Omit all pictures, then retype the data exactly as given.
Start of Supplied material
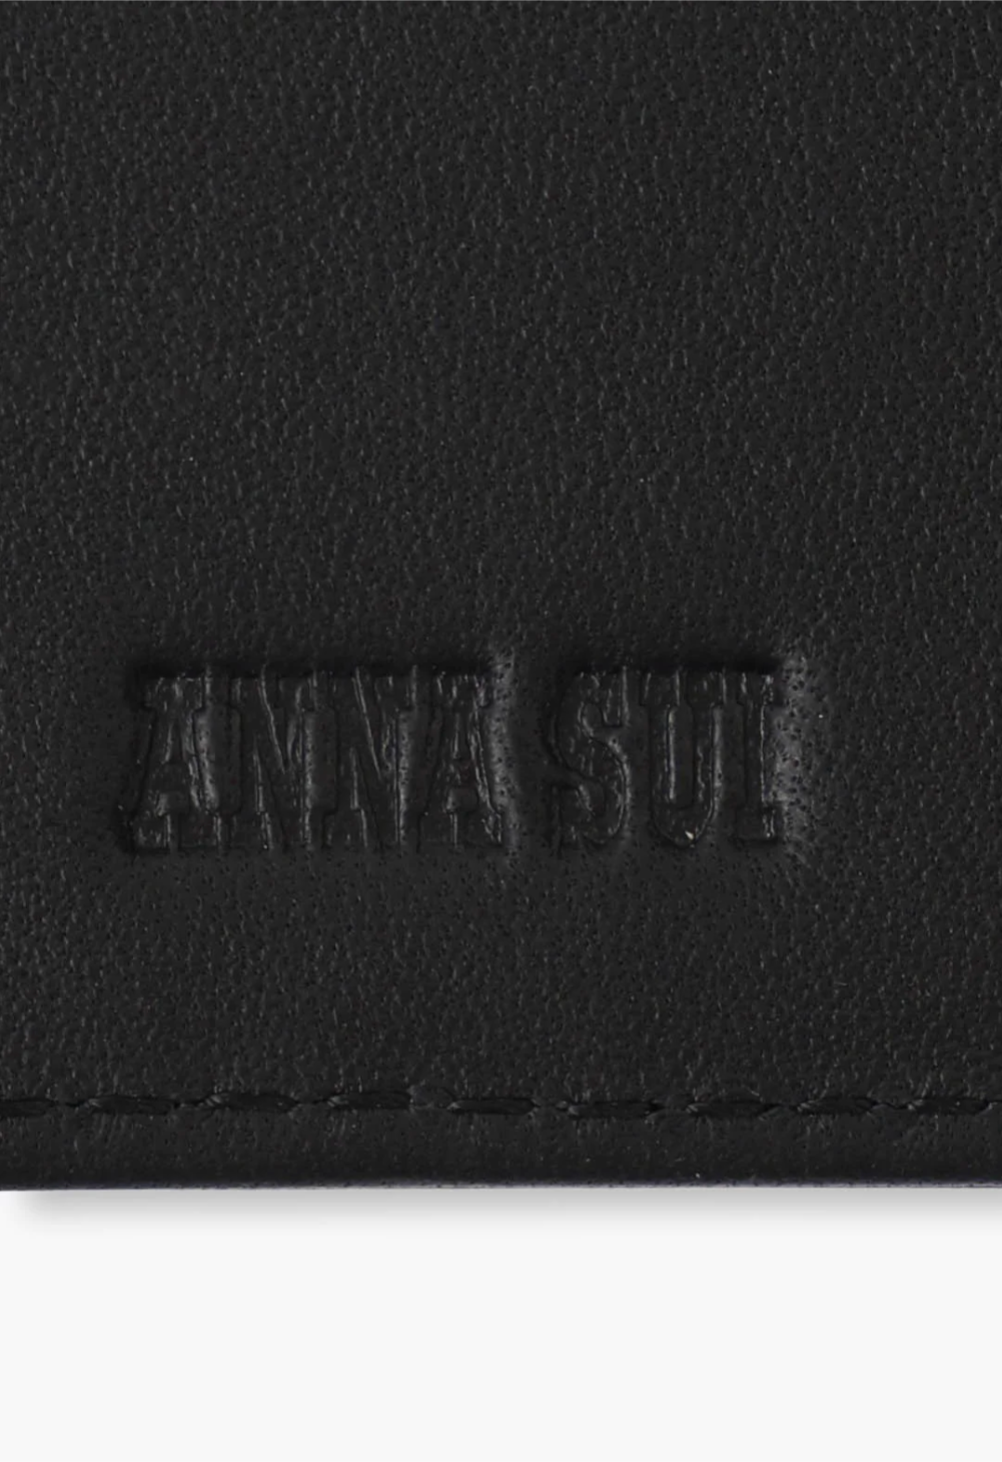 The Roger Wallet wine, detail of the Anna Sui Raised logo and large wine stiches
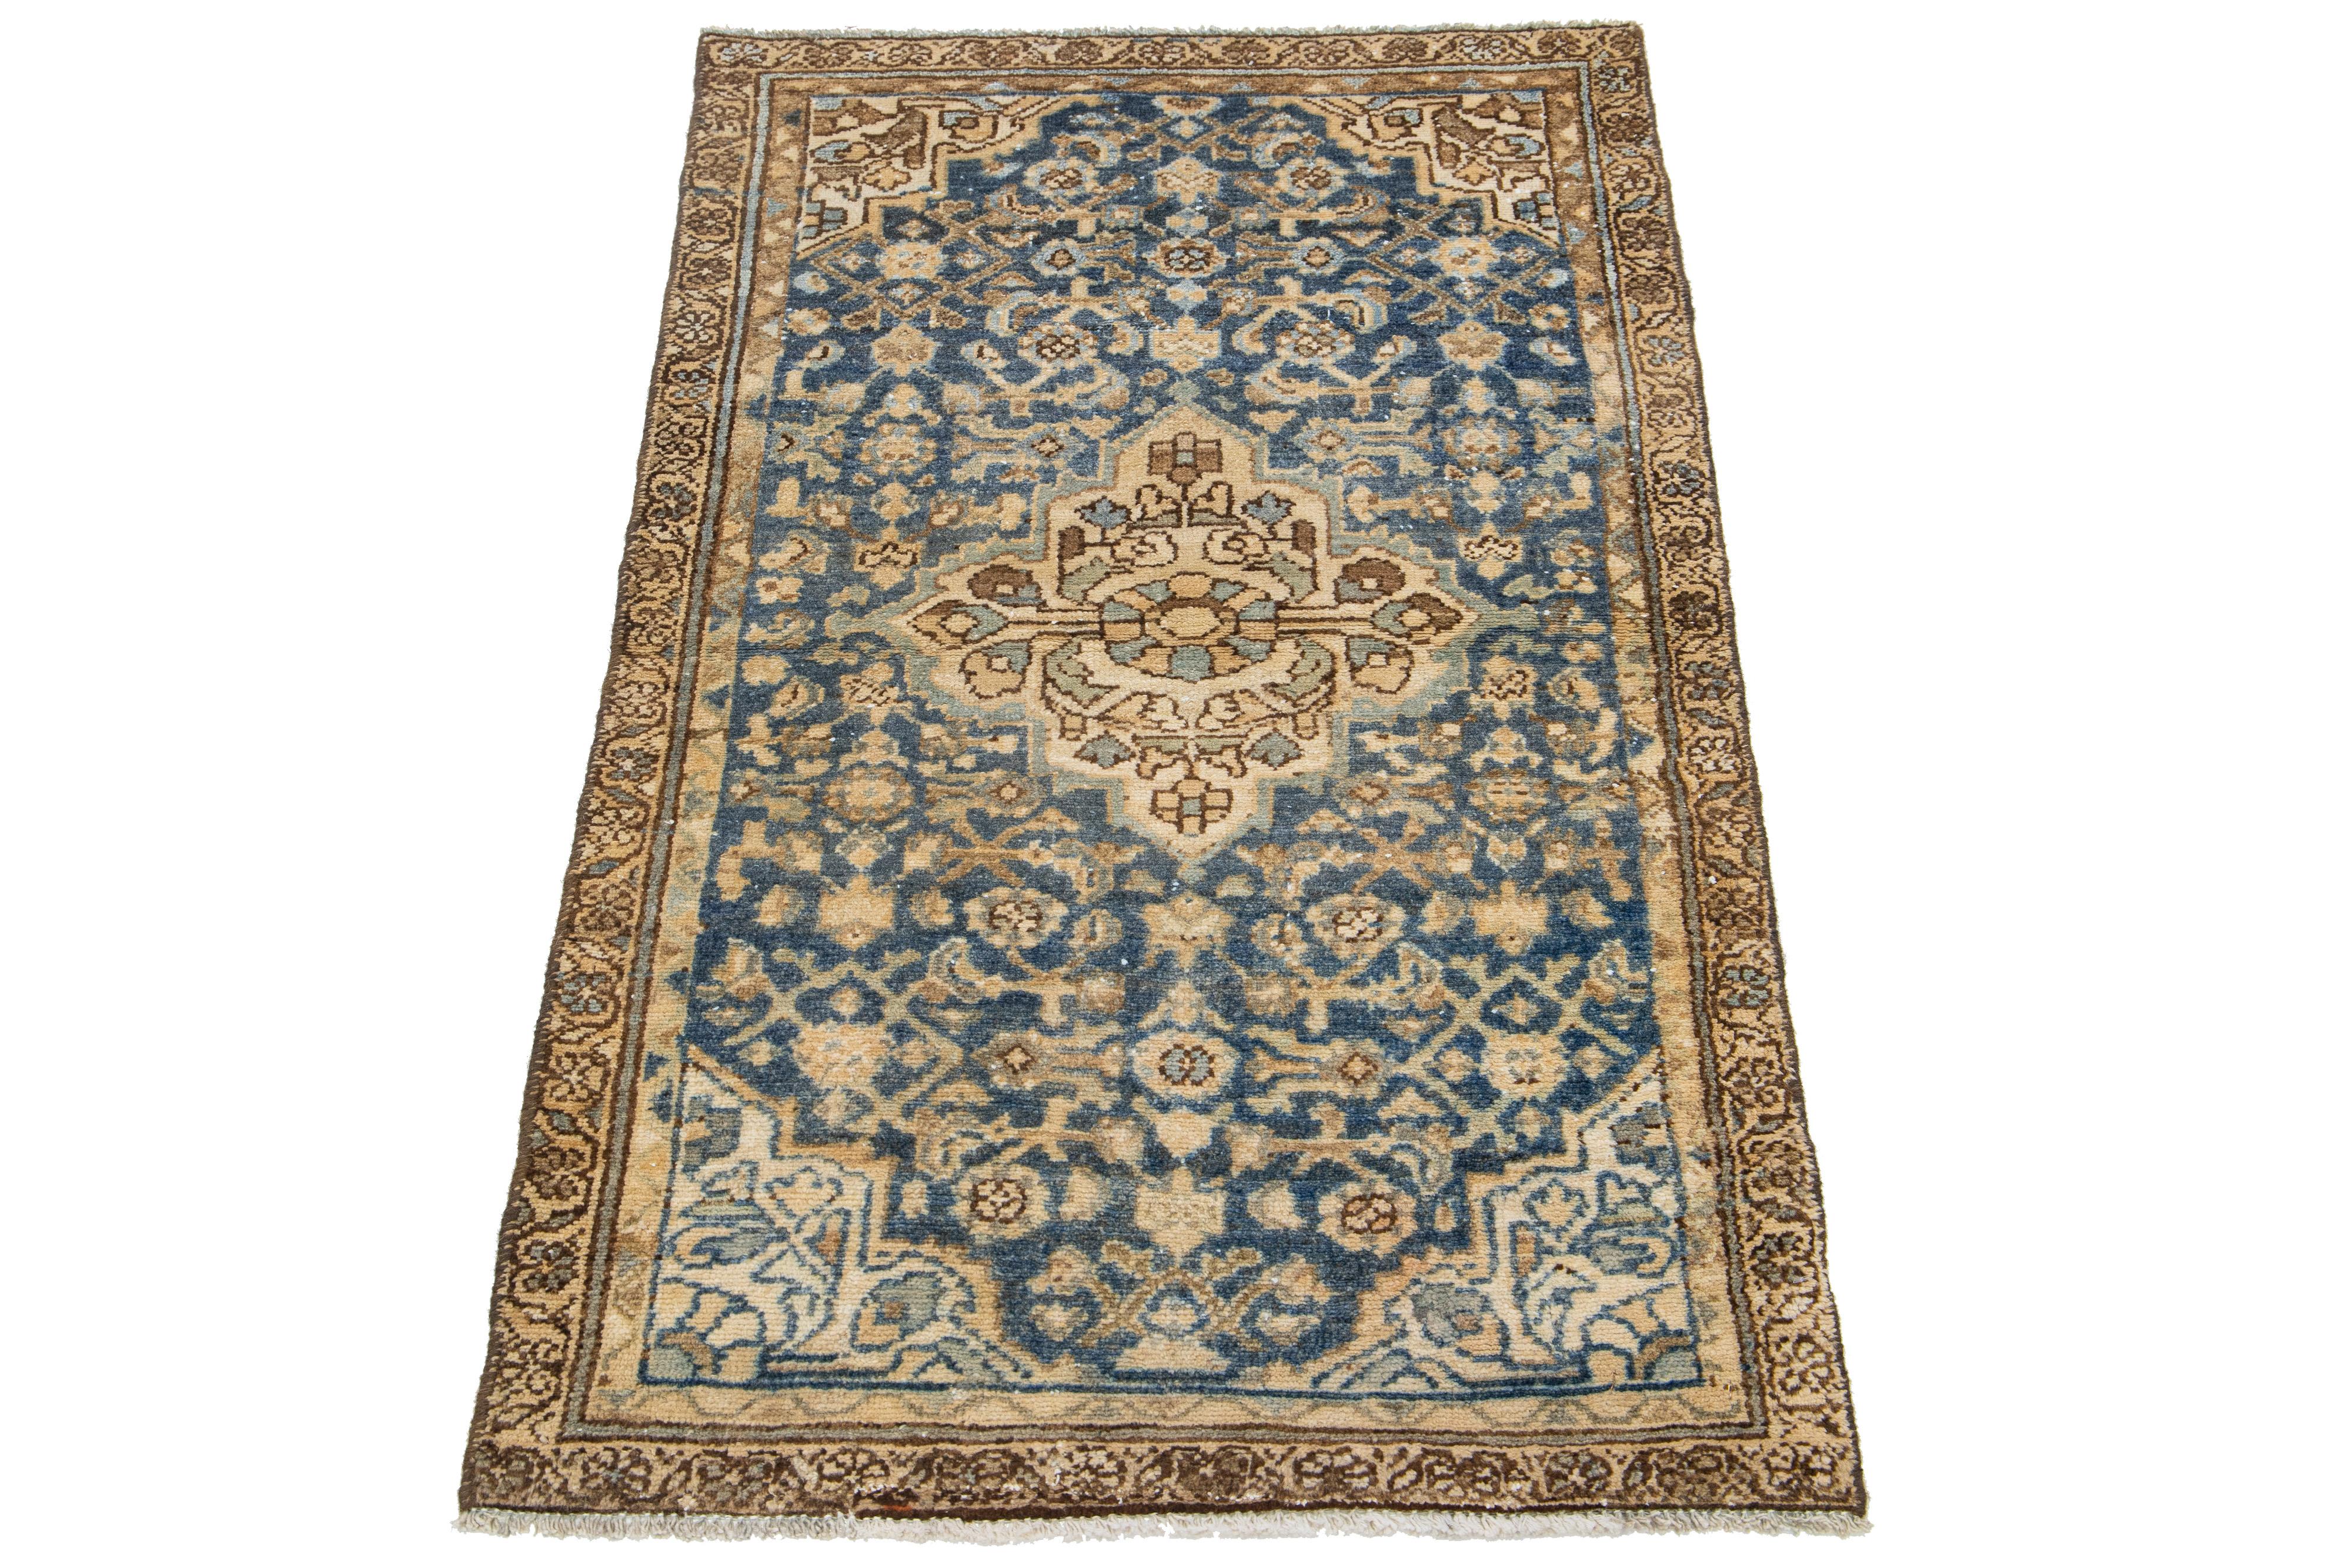 This antique Hamadan rug is hand-knotted from premium wool, boasting a blue field complemented by a captivating, all-over pattern design with beige accents.

This rug measures 2'4
End of Supplied material
> Solution to this task:
 The Roger Wallet wine, detail of the Anna Sui Raised logo and large wine stiches
 This antique Hamadan rug is hand-knotted from premium wool, boasting a blue field complemented by a captivating, all-over pattern design with beige accents.

This rug measures 2'4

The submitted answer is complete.